Privacy in Cryptocurrencies: An Overview
(This article is part of a series whose later parts can be found here and here.)
Cryptocurrencies are often portrayed as anonymous in the media, yet other articles suggest that they can be traced more easily than ordinary fiat currencies like the dollar. To reconcile these two narratives, it is important to understand: What does it mean for a cryptocurrency to be private? The question is harder to answer than it appears, because privacy can mean many different things in blockchains. To be a more informed developer, investor, or participant in cryptocurrencies, it is important to understand what privacy actually means in a cryptoeconomic system. We wrote this post to share our perspective on this skill.
Imagine that Alice starts a Venmo account, which requires her to provide and verify her real name. Because Venmo knows her real name and can potentially share it with others, Alice loses some privacy of identity. If Bob sends Alice $20 on Venmo and shares it on her feed, then her transaction information is public, but she has some privacy over her balance to the extent that only Venmo knows it. On the other hand, suppose that Alice creates a Bitcoin address and asks Bob to instead send her $20 worth of BTC. Compared to Venmo, Alice gains some privacy of identity because her real name is not linked to her Bitcoin address. However, the fact that BTC was transferred from Bob’s address to Alice’s address as well as the final balance of Alice’s address will both be publicly visible to anyone in the world. As we can see, by using Bitcoin, Alice has gained privacy in some sense but lost it in others.

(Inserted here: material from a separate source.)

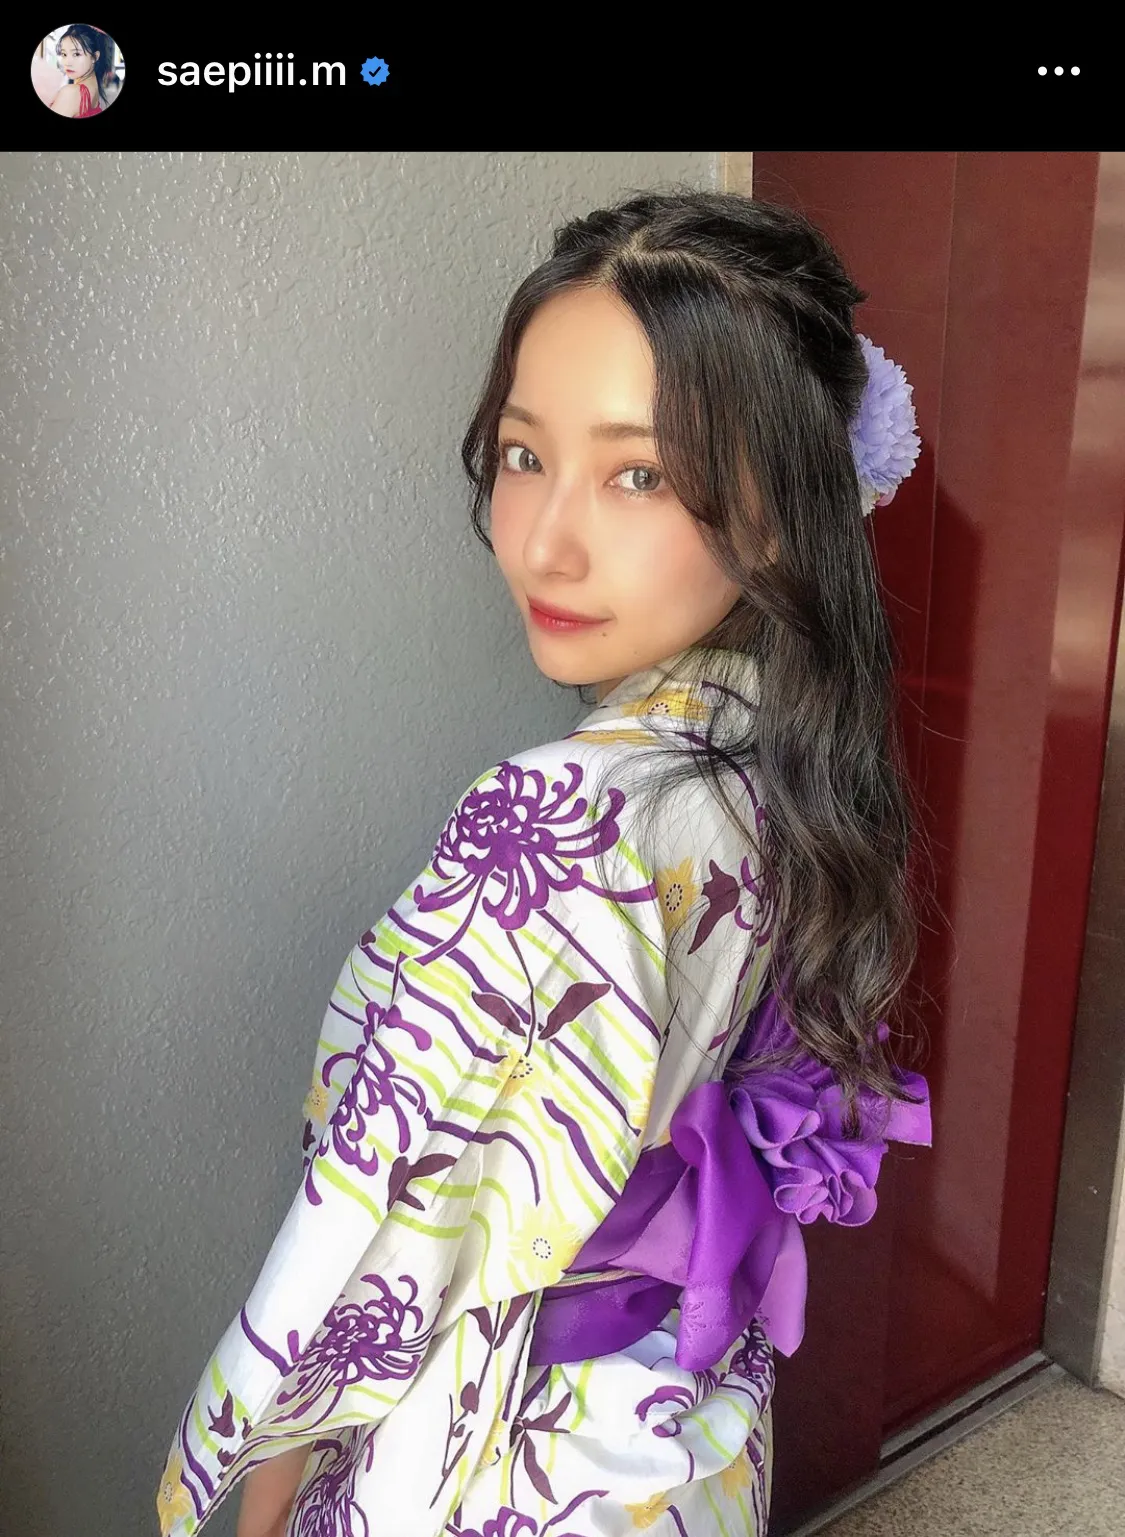 【写真を見る】村瀬紗英、紫の浴衣を身にまとい可愛らしい笑顔

Tradeoffs like these are common when using different cryptocurrencies. We understand them by addressing three main aspects of privacy in the context of cryptocurrencies, corresponding to:
- the identity of the user performing an operation using the cryptocurrency;
- the transaction data specific to the operation the user is performing; and
- the total blockchain state formed by combining the knowledge of all transactions.
The protocol can use cryptography to make different parts of each of these aspects impossible (or theoretically extremely difficult) to know or compute from the perspective of an external observer. At the same time, attackers who want to discover an attribute of the blockchain can combine disparate pieces of information to conclude or guess what they want to know. The goal of privacy is then to design the protocol to reveal as little information as possible about specific attributes to potential attackers.
Importantly, whether a specific attribute is private may not be black and white. For example, it might be known to some observers but not others, or observers might be able to guess it with some probability, but not with total certainty. This ambiguity means general statements such as “MyFavoriteCoin guarantees privacy” or “MyFavoriteCoin is more private than YourFavoriteCoin” often do not make sense. When used carelessly, such statements can lead to confusion and misinterpretation, and they can be used to mislead for precisely this reason. We believe it makes more sense to make more nuanced statements like “transaction amounts are private in Monero” or even “sender addresses are private up to some anonymity set in ZCash”. As we will see later, in some cases cryptographic tools such as zero-knowledge proofs can help us quantify such statements and even provide rigorous proofs for them. We now dive into each aspect of privacy as it relates to cryptocurrency.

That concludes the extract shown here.